Nicolás
tenía su consultorio en la calle Sucre,
en el barrio de Belgrano.
Su gato era testigo de todas nuestras sesiones, el único gato que no me trajo
alergia en toda mi vida. El gato participaba. No me acuerdo su nombre.
Al
poco tiempo mudó el consultorio a Coghlan.
Tendría desde entonces una hora y media de viaje en el colectivo 67, desde la
salida de la embajada.
Me
había dado el alta para trabajar, a veinte días de la salida de la clínica. Cada vez era un desafío. Ignoraba si iba a poder lograrlo...

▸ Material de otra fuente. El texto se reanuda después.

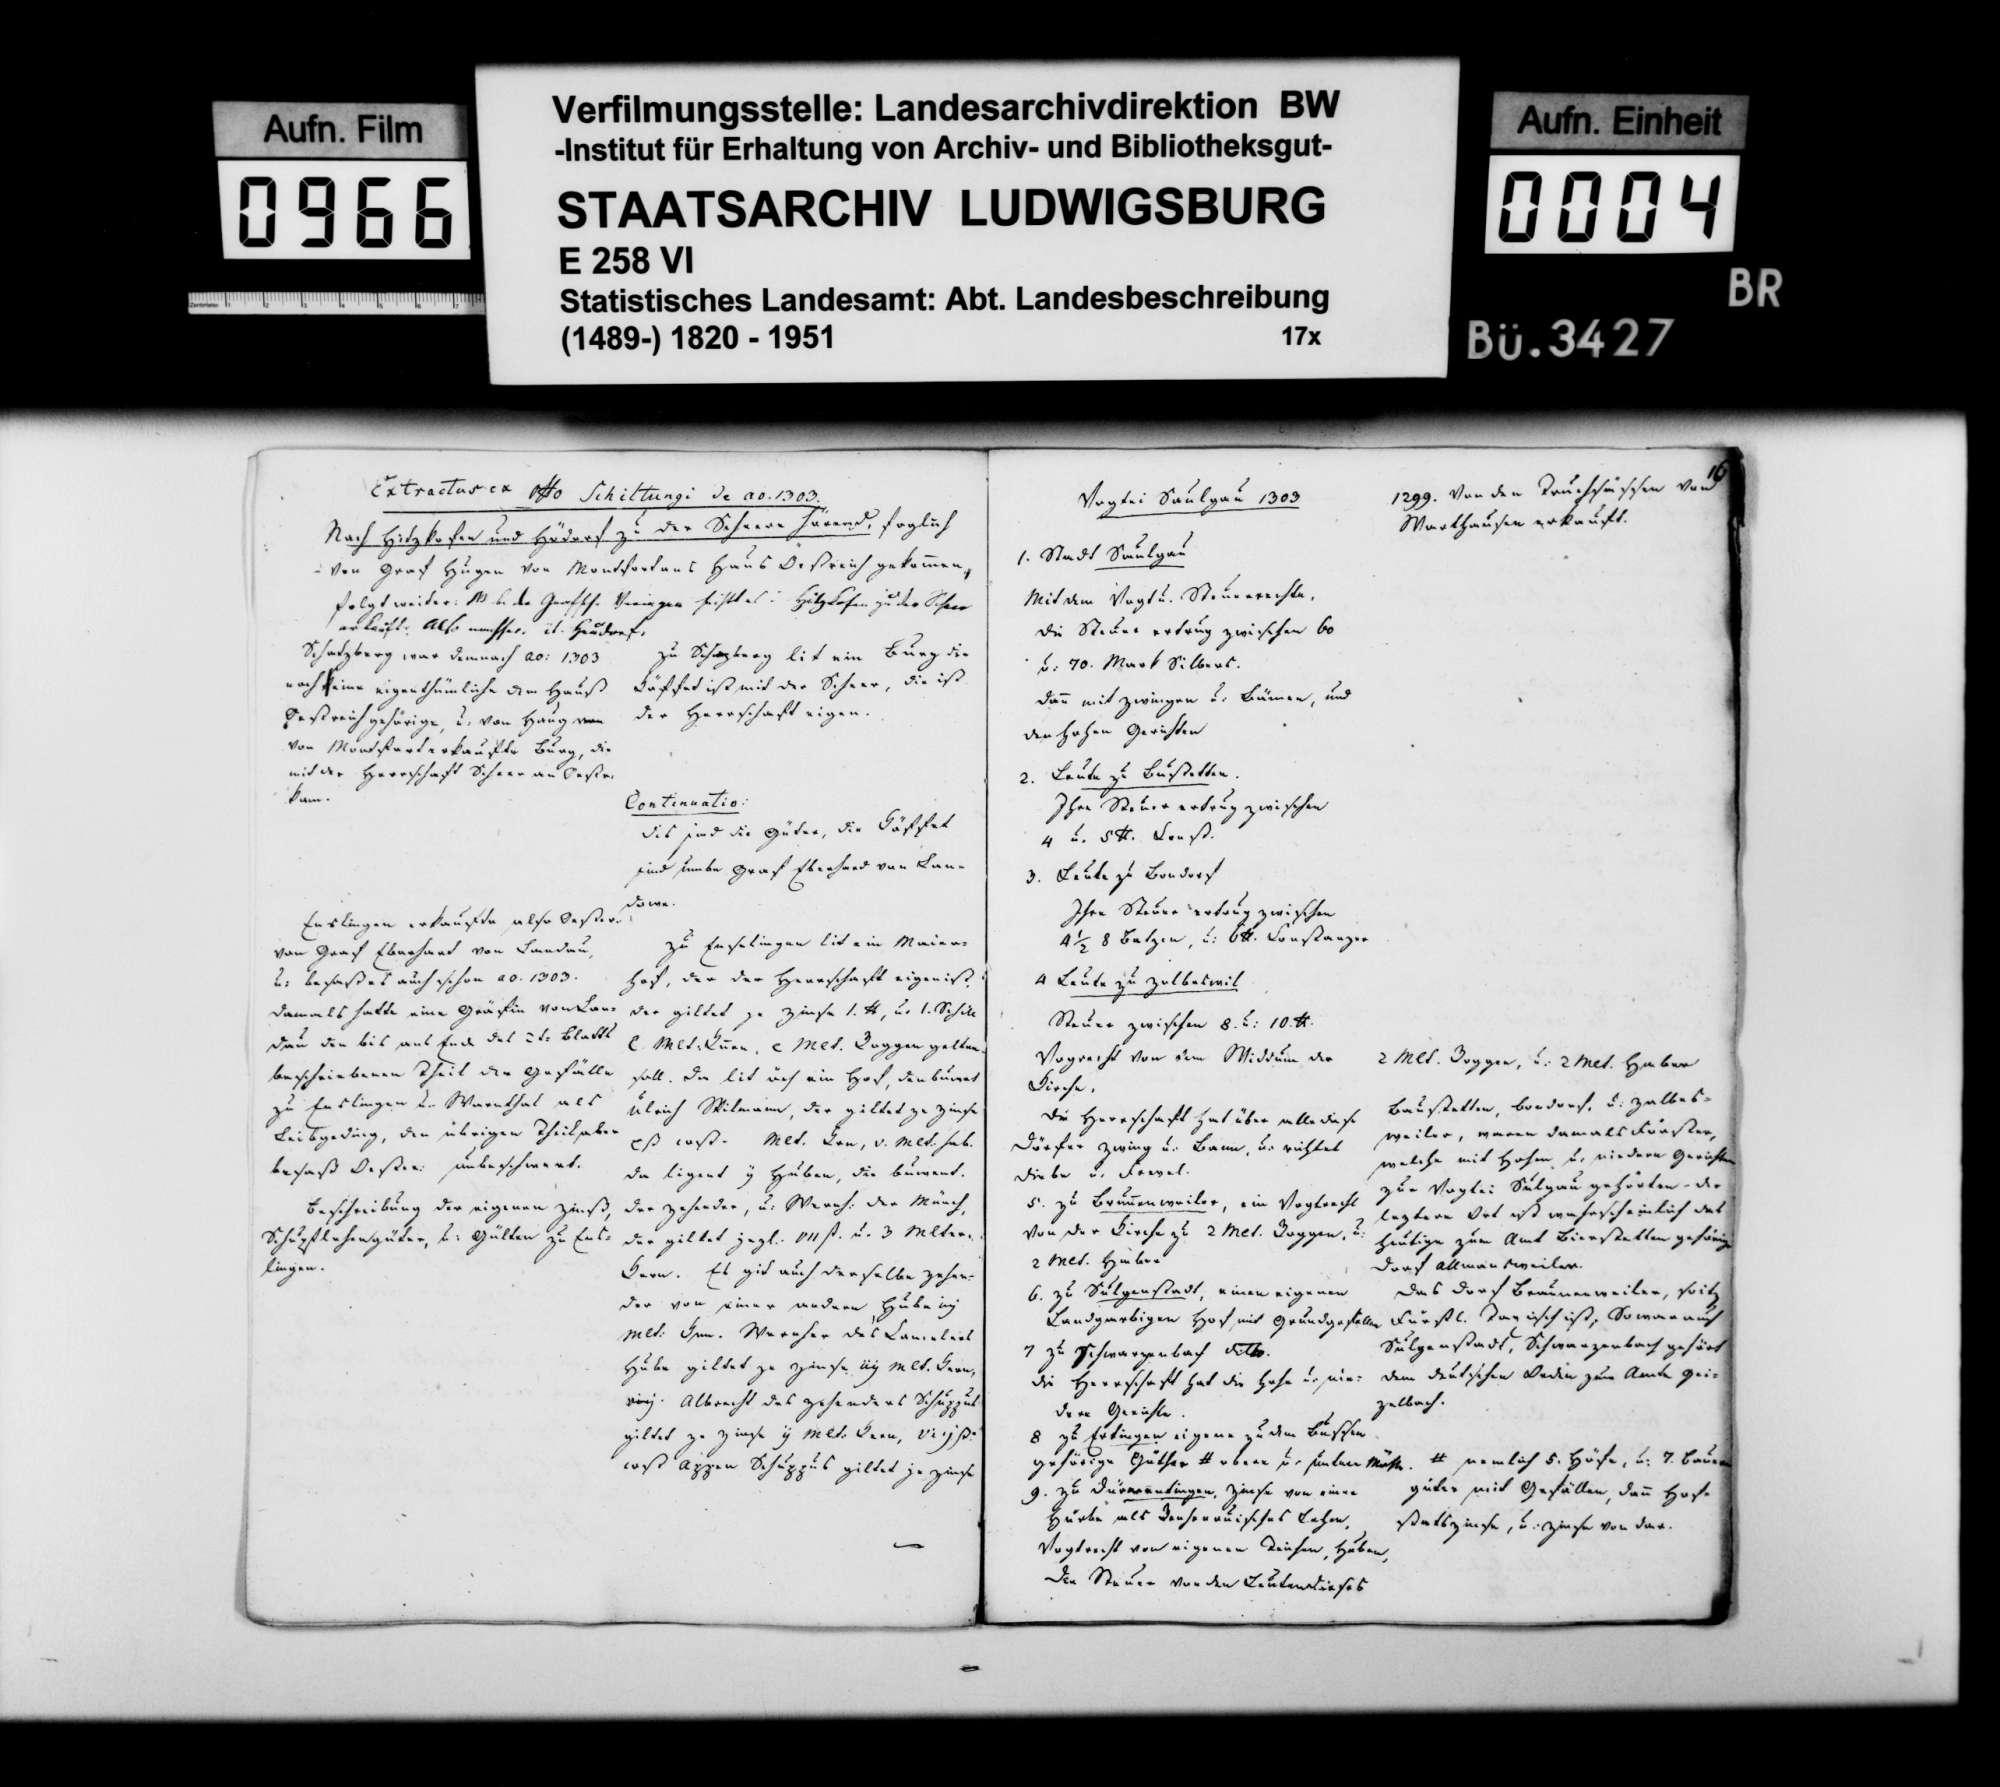 Abschriften und Auszüge [der Kanzlei des STBs] zur mittelalterlichen Adels- und Besitzgeschichte im Oberamtsbezirk und Umgebung, Bild 3

Del consultorio a mi casa eran ochenta cuadras exactas. Desde el comienzo
todos mis regresos fueron a pie. De paso, al ingresar a casa, ya era la hora de
dormir y de tomar por fin la medicación.
No
toleraba mi casa estando sola.
No
sabría explicar miedo a qué le tenía. Me lo preguntaron tantas veces...
Solo
podía responder que a mí misma, a mi estado, al ping pong de mi cabeza, a la
repetición...
Me
quedaba quizás una canción o una palabra en la memoria, y no cesaba de
repetirla mentalmente. Aparte de los temblores, apenas atravesaba la puerta.
"No
te apures, no te apures, no hay donde llegar", cantaba Lerner por
ejemplo. Llegué a odiarlo...
Empecé
a reunirme con un grupo de budistas los días miércoles. Me ayudaron mucho, pero
no lograba meditar.
Martes,
jueves y sábados iba a lo de Nicolás. Los sábados iba y volvía caminando.
Continuaba siendo mi mejor terapia y se lo manifestaba.
Lo
peor de todo era que había perdido los placeres. Ya nada me interesaba y no
podía recordar siquiera cómo algo me había interesado antes.
Así
comenzaron los consejos de todos ¿No te gusta tejer? ¿Hacer cerámica? ¿Pintar?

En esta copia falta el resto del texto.